One: it informed readers about the butchers. Said they’re seven men. It showed these seven men practically don’t have a life. They’re on demand in Nyeri, Murang’a, Kiambu, Laikipia, Meru, Embu and Nairobi counties. And on a good day, from 4pm to 11pm, they will slaughter up to 3,000 chickens. And that they know no holiday because that’s when they’re the busiest.

Two, the story said they make a commission of Sh8 to Sh10 per chicken, answering the second question about “reaping” something – not necessarily “profits.” Profit is defined as revenue minus expenses. The story said nothing about expenses. So from where did the writer pluck the notion of “reaping profits”?

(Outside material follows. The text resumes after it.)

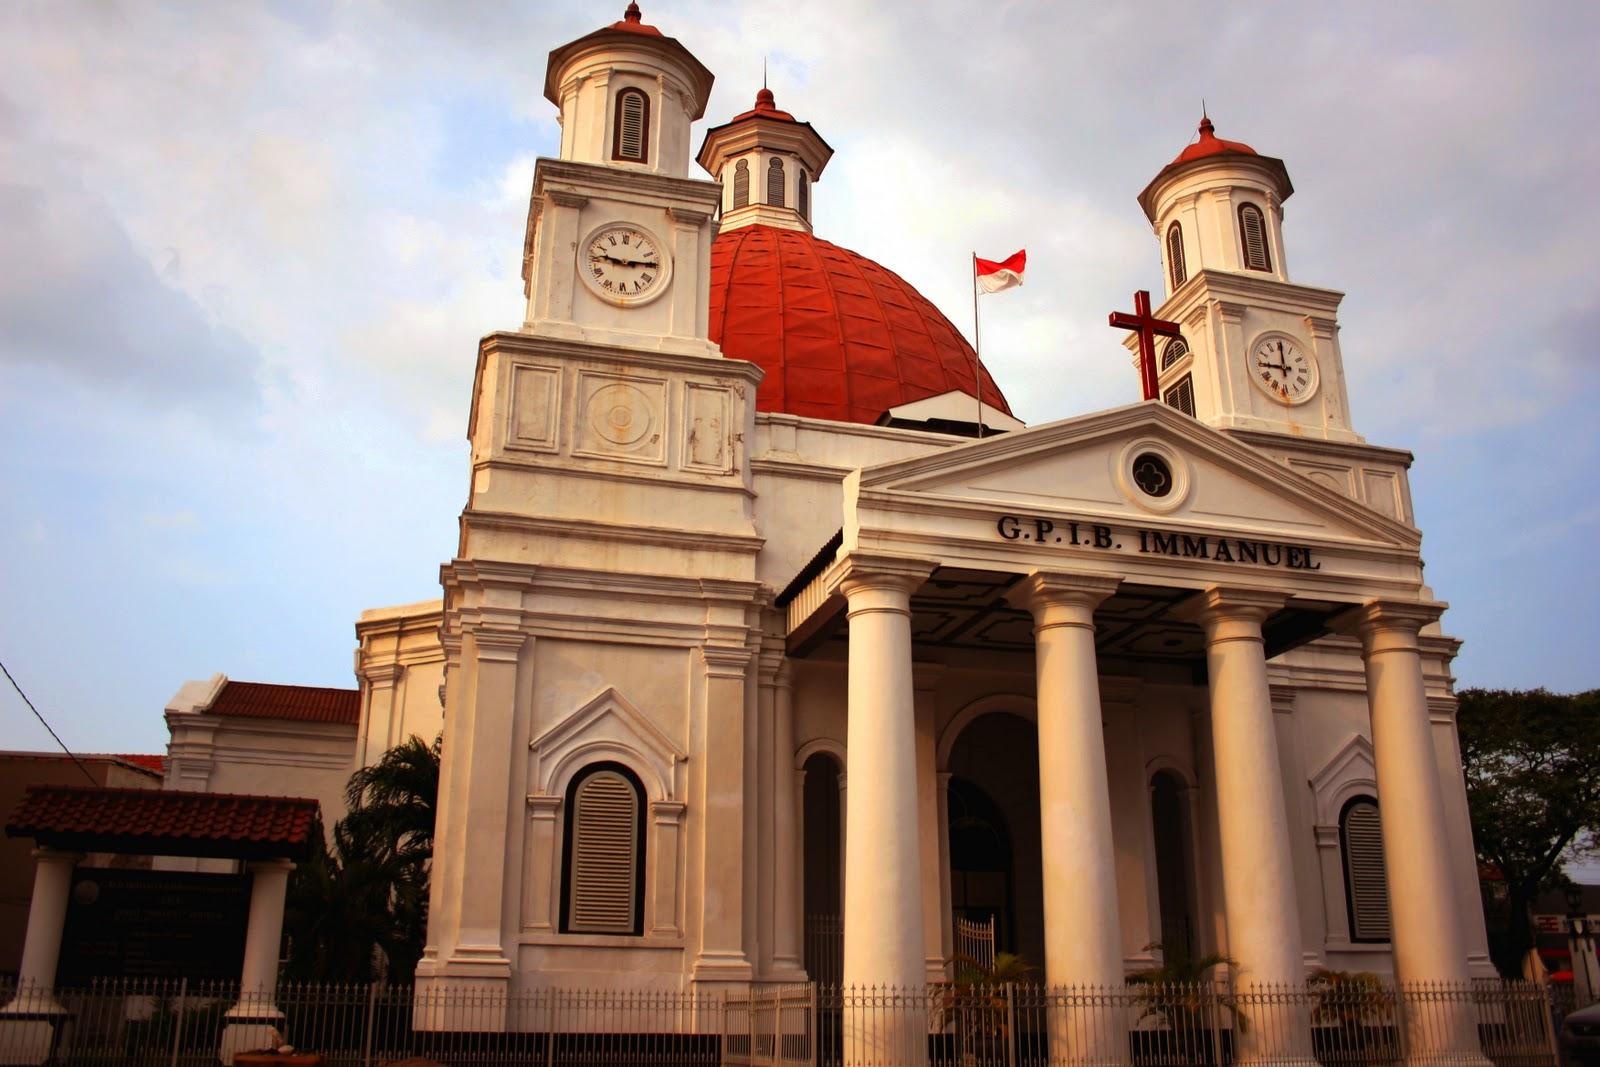 Daftar Bangunan Kuno Semarang Wajib Kamu Kunjungi Nikmati Netherland Kota

Three, and most important, the story said nothing about the group’s “little-know idea.”

Perhaps the closest the story got to answering this question was this: “Group leader Joel Kibe, 32, […] mastered the art of slaughtering professionally, which he says is slaughtering a chicken in under three minutes.”

Could that be it? Killing an animal in under three minutes? How? By smacking its head with a rock? Decapitating the head? What? You could shoot the poor bird in the head, and it would die quicker.

All of those examples are gory. And animal rights advocates may come knocking. But how does killing quick define professional? Oh, Kibe said that it does. And you took his word for it? Didn’t verify?

Doesn’t matter. The story ended with no revelation about the “little known idea.”